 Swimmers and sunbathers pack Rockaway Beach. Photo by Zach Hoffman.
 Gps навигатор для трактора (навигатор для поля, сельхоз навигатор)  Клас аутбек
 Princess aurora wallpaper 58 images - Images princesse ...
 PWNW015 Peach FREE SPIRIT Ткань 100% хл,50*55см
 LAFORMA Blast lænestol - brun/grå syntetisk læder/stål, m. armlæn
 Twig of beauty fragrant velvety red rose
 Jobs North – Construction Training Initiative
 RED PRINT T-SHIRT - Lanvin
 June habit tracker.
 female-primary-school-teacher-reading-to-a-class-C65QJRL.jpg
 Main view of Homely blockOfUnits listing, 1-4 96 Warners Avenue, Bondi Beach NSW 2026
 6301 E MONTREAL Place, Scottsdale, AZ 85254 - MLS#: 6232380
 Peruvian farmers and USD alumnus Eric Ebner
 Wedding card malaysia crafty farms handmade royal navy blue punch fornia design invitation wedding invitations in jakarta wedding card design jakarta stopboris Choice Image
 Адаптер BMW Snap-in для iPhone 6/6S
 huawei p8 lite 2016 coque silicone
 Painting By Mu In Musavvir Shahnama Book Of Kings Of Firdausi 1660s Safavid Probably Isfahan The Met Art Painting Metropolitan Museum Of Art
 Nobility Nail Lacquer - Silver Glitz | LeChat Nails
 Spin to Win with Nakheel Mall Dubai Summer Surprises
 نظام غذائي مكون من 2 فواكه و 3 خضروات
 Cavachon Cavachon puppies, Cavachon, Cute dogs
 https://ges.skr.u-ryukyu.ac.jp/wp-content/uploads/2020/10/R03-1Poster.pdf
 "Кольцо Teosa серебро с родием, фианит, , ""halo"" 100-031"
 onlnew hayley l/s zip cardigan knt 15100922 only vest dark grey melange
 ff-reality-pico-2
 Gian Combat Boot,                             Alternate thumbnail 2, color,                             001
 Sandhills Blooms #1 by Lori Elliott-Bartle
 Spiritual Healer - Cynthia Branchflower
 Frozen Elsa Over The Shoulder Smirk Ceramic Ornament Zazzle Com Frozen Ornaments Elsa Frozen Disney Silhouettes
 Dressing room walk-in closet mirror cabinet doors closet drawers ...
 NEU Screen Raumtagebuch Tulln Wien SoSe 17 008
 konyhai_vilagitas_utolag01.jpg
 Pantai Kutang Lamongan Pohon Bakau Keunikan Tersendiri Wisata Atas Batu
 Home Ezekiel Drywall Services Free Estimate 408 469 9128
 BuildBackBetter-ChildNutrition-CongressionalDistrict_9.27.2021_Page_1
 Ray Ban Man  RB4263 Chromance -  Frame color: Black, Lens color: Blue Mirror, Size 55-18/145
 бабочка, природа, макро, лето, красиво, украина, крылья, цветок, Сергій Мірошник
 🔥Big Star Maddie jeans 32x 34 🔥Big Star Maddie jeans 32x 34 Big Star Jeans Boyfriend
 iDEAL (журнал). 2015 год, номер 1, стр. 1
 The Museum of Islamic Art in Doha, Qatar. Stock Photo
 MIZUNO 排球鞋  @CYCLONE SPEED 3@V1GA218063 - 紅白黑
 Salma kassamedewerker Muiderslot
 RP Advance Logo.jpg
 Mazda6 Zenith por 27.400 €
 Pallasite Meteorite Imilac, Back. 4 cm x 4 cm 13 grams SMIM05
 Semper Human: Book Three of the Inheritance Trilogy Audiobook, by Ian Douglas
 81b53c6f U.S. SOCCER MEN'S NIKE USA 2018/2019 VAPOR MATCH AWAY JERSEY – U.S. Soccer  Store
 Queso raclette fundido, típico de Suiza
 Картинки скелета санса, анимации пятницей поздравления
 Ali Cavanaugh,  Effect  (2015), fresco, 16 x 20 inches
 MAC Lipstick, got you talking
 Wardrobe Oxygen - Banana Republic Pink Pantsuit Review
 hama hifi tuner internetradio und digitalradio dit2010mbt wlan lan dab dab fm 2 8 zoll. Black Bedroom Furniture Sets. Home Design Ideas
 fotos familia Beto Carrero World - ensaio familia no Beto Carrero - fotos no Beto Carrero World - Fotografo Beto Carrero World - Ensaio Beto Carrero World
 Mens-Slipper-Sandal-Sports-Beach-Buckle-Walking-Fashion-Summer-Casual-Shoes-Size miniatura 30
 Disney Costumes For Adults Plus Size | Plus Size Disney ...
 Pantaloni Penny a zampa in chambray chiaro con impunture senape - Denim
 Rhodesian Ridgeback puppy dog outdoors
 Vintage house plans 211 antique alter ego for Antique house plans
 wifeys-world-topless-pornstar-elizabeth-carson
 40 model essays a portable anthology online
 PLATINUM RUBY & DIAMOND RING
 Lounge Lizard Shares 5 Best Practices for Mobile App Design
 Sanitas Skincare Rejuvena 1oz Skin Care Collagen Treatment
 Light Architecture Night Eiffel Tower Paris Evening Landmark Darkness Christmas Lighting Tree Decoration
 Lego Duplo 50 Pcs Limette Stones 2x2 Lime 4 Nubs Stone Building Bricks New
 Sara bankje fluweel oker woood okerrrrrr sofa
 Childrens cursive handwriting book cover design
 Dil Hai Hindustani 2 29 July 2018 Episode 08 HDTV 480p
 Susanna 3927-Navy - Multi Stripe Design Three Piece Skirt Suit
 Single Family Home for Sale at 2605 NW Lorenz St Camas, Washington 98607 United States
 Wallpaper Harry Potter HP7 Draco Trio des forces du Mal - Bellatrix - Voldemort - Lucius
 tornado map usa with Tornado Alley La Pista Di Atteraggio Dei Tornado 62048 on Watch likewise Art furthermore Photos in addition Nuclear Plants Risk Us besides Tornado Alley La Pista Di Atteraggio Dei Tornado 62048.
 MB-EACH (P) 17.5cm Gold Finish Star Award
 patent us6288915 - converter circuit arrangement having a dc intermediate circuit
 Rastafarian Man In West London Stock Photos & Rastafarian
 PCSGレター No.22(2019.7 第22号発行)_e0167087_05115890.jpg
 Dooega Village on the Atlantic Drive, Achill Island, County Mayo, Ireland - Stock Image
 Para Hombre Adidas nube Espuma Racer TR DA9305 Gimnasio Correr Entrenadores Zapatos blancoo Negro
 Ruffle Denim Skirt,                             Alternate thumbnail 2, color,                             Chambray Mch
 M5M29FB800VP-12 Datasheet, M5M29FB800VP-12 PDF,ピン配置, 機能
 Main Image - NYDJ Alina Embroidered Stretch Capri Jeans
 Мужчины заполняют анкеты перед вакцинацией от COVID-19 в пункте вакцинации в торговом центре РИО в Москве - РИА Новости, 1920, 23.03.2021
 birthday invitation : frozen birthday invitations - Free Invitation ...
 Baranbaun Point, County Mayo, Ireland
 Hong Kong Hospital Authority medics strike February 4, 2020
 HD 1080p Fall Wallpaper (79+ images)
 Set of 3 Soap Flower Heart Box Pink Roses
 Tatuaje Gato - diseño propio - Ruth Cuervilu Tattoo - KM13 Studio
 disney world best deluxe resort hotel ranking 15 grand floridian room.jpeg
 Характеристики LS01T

Exercise objective
Output, from the data above, the lines from the line with "Vintage house plans" to the line with "Lounge Lizard Shares" exactly as they stand, both ends included and nothing else.

Completed task
 Vintage house plans 211 antique alter ego for Antique house plans
 wifeys-world-topless-pornstar-elizabeth-carson
 40 model essays a portable anthology online
 PLATINUM RUBY & DIAMOND RING
 Lounge Lizard Shares 5 Best Practices for Mobile App Design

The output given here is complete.